Today, product analytics is stitched together from application logs and a daily billing export. This has caused multiple incidents: customers disputing invoices because retries double-counted credits, the support team lacking a consistent view of “what happened in this run,” and engineering being blind to rising tool-call error rates that correlate with a specific model rollout. Leadership wants a single source of truth for agent usage that supports: billing accuracy, near-real-time monitoring, and self-serve analytics.
Scale & Freshness Requirements
- Traffic: ~2.5M agent runs/day average, 10M/day peak during month-end close.
- Event volume: Each run emits 10–200 events (start, tool calls, token usage, retries, errors, finish).

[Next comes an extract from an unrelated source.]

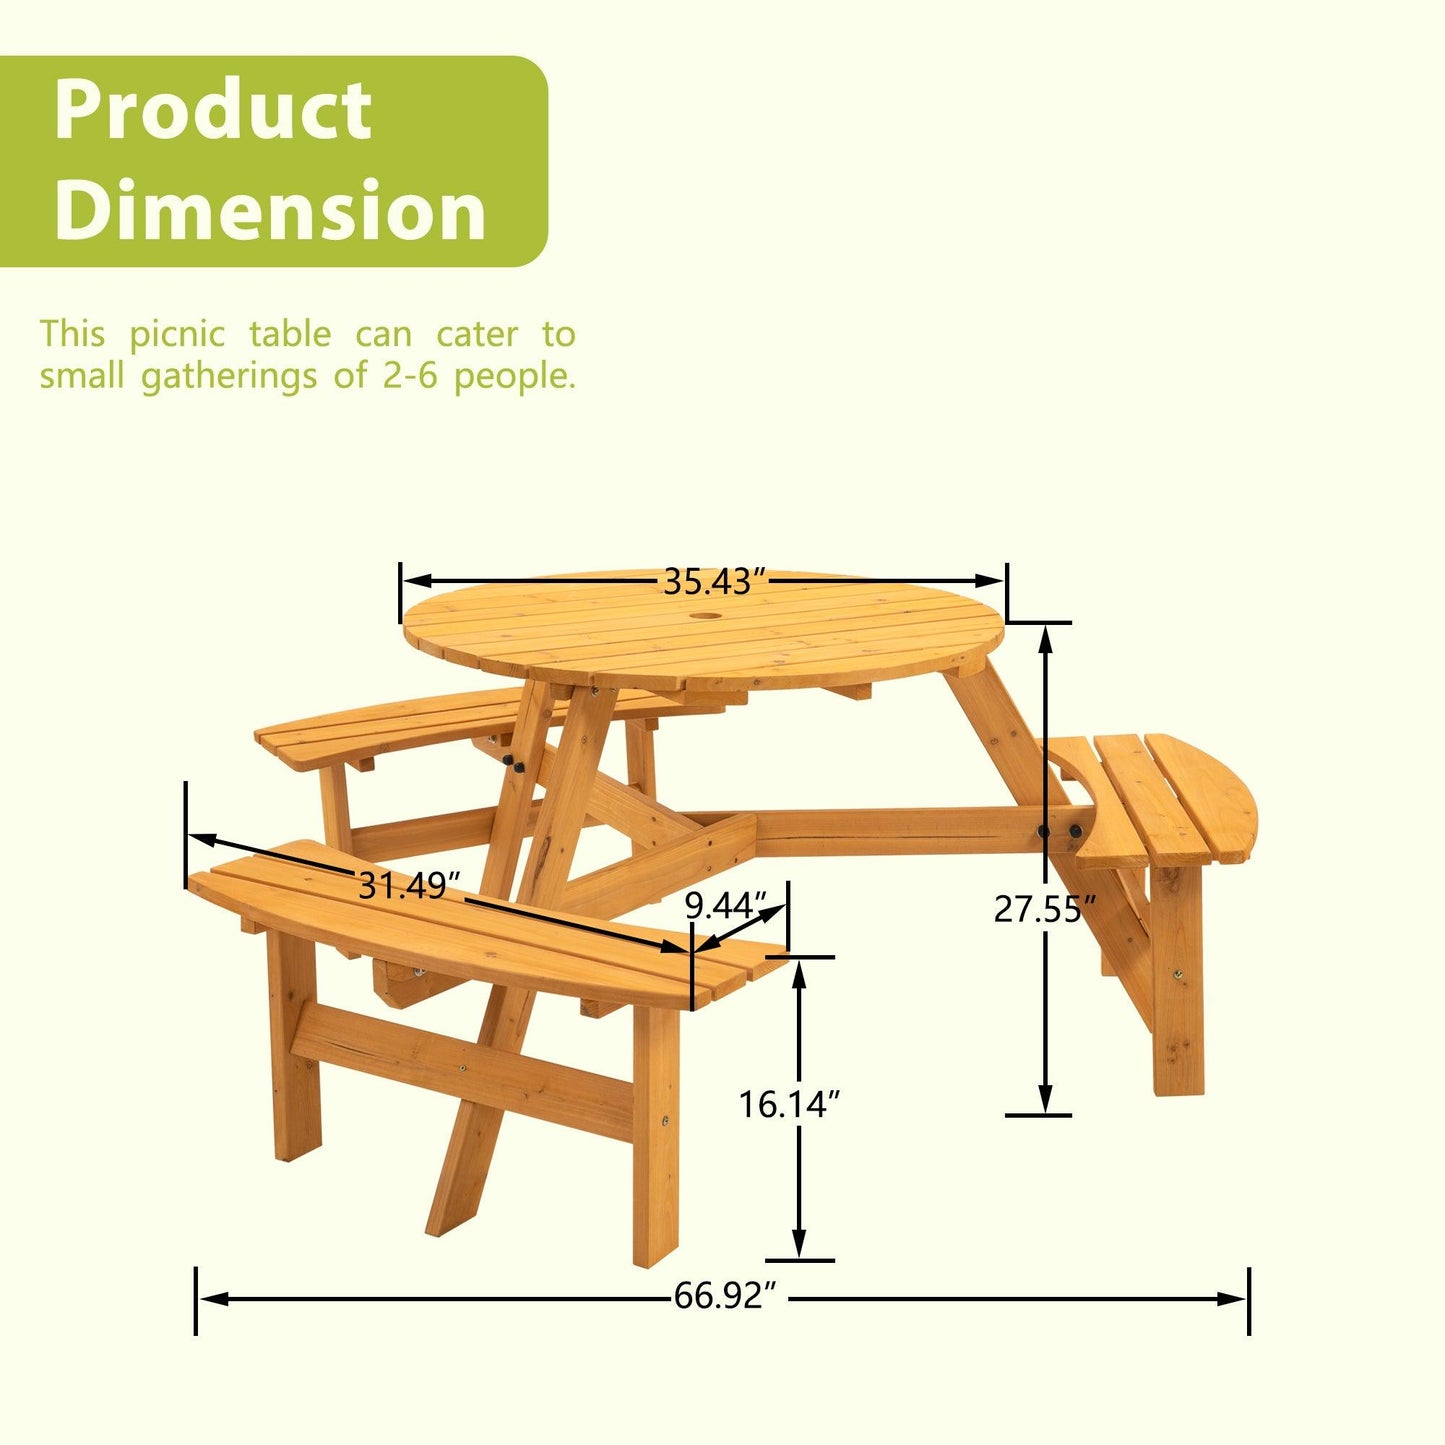 6-Person Circular Outdoor Wooden Picnic Table for Patio, Backyard, Garden, DIY w/ 3 Built-in Benches, 1720lb Capacity - Natural - FurniFindUSA

Peak ~50K events/sec.
- Latency:
- Operational dashboards (errors, latency, credit burn): P95 < 2 minutes end-to-end.
- Finance/billing correctness: daily close with T+1 finalization, but must support late-arriving events up to 7 days.
- Storage: retain raw events 90 days; curated fact tables 2+ years.
- Correctness: credits must be exactly-once billed per run, even with retries and partial failures.
Data Characteristics & Quality Issues
Events come from multiple producers:
- Agent Orchestrator service (Kubernetes): emits lifecycle events (run_started, run_completed, run_failed).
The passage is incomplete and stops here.